WARNING: EMBRYO-FETAL TOXICITY and VENOUS AND ARTERIAL THROMBOEMBOLISM

Embryo-Fetal Toxicity

  • Pomalyst is contraindicated in pregnancy. Pomalyst is a thalidomide analogue. Thalidomide is a known human teratogen that causes severe birth defects or embryo-fetal death. In females of reproductive potential, obtain 2 negative pregnancy tests before starting Pomalyst treatment.
  • Females of reproductive potential must use 2 forms of contraception or continuously abstain from heterosexual sex during and for 4 weeks after stopping Pomalyst treatment.

Pomalyst is only available through a restricted distribution program called Pomalyst REMS®.
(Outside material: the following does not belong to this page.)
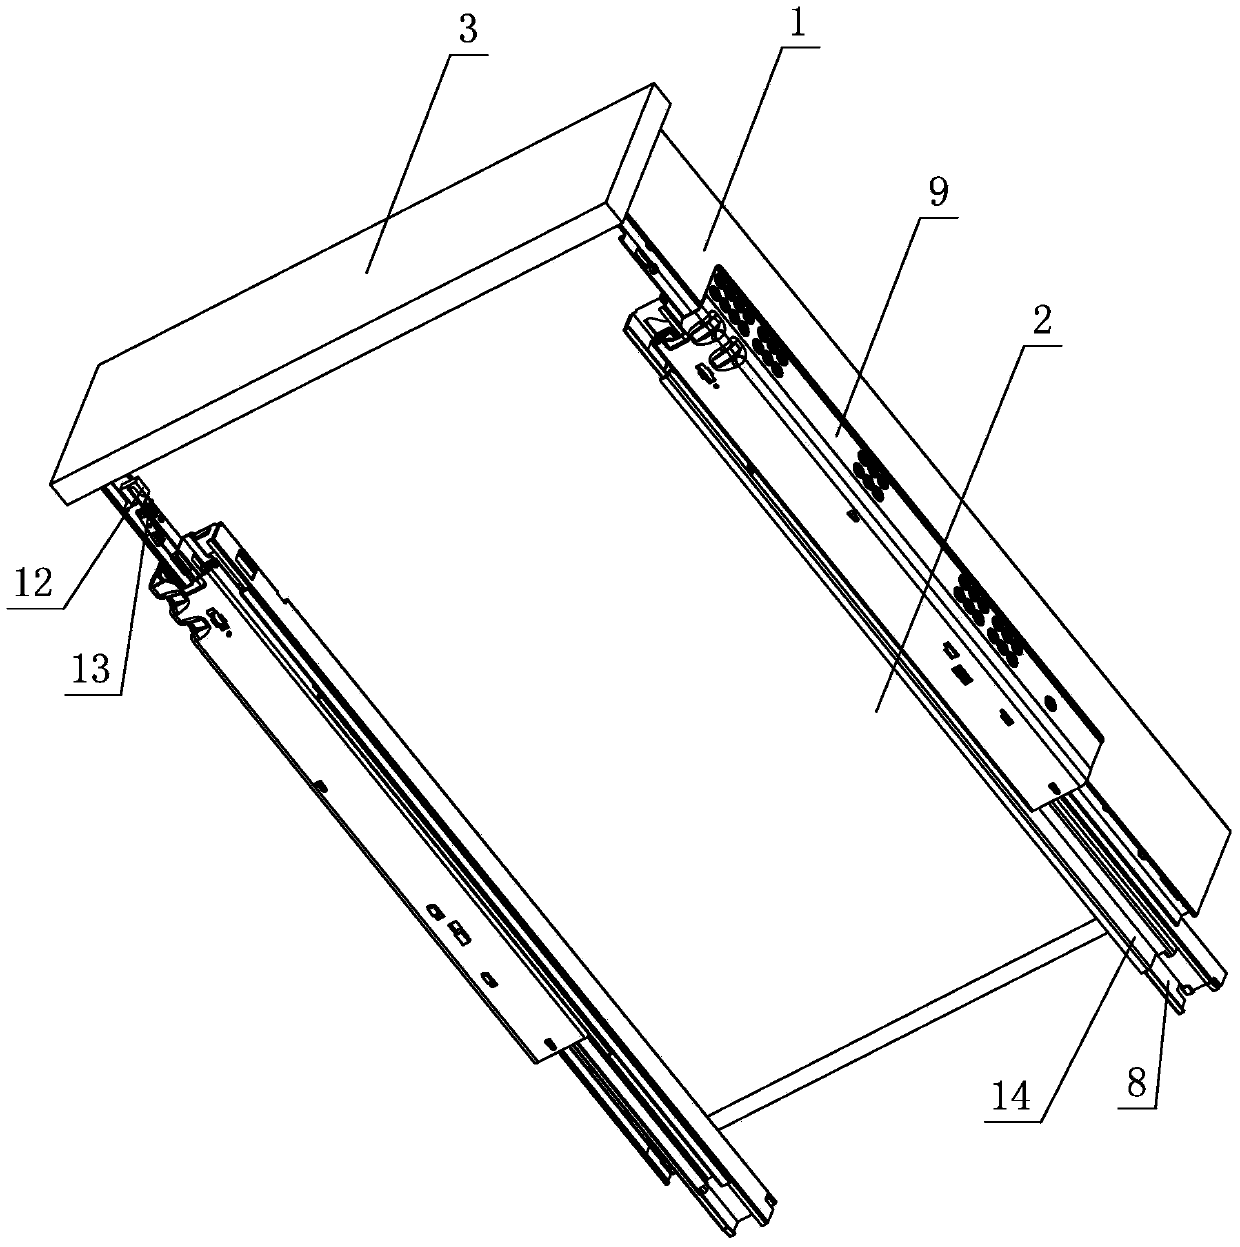 Metal side plate structure of drawer

Venous and Arterial Thromboembolism

  • Deep venous thrombosis (DVT), pulmonary embolism (PE), myocardial infarction, and stroke occur in patients with multiple myeloma treated with Pomalyst. Prophylactic antithrombotic measures were employed in clinical trials. Thromboprophylaxis is recommended, and the choice of regimen should be based on assessment of the patient’s underlying risk factors.

CONTRAINDICATIONS

WARNINGS AND PRECAUTIONS

Males: Pomalidomide is present in the semen of patients receiving the drug. Males must always use a latex or synthetic condom during any sexual contact with females of reproductive potential while taking Pomalyst and for up to 4 weeks after discontinuing Pomalyst, even if they have undergone a successful vasectomy. Males must not donate sperm.

Blood Donation: Patients must not donate blood during treatment with Pomalyst and for 4 weeks following discontinuation of Pomalyst therapy because the blood might be given to a pregnant female patient whose fetus must not be exposed to Pomalyst.
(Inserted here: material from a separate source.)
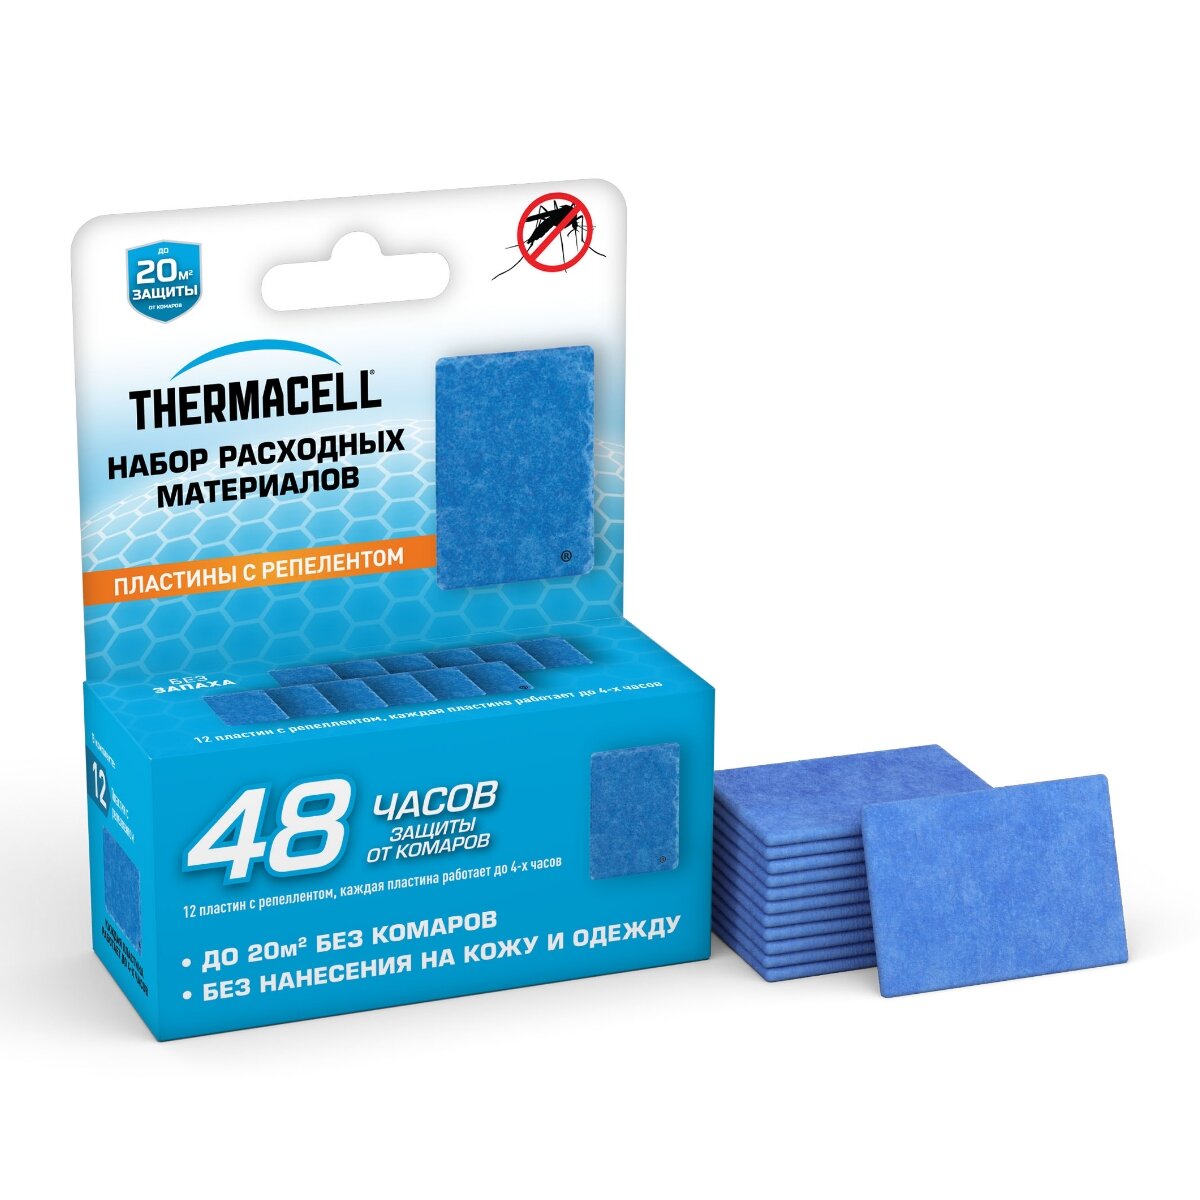 Thermacell Набор пластин Thermacell Backpacker Refills 12 шт для отпугивания насекомых

– Prescribers and pharmacies must be certified with the Pomalyst REMS program by enrolling and complying with the REMS requirements; pharmacies must only dispense to patients who are authorized to receive Pomalyst. Patients must sign a Patient-Physician Agreement Form and comply with REMS requirements; female patients of reproductive potential who are not pregnant must comply with the pregnancy testing and contraception requirements and males must comply with contraception requirements.

– Further information about the Pomalyst REMS program is available at www.CelgeneRiskManagement.com or by telephone at 1-888-423-5436.

ADVERSE REACTIONS

Multiple Myeloma:

The most common adverse reactions for Pomalyst (≥30%) included fatigue and asthenia, neutropenia, anemia, constipation, nausea, diarrhea, dyspnea, upper-respiratory tract infections, back pain, and pyrexia.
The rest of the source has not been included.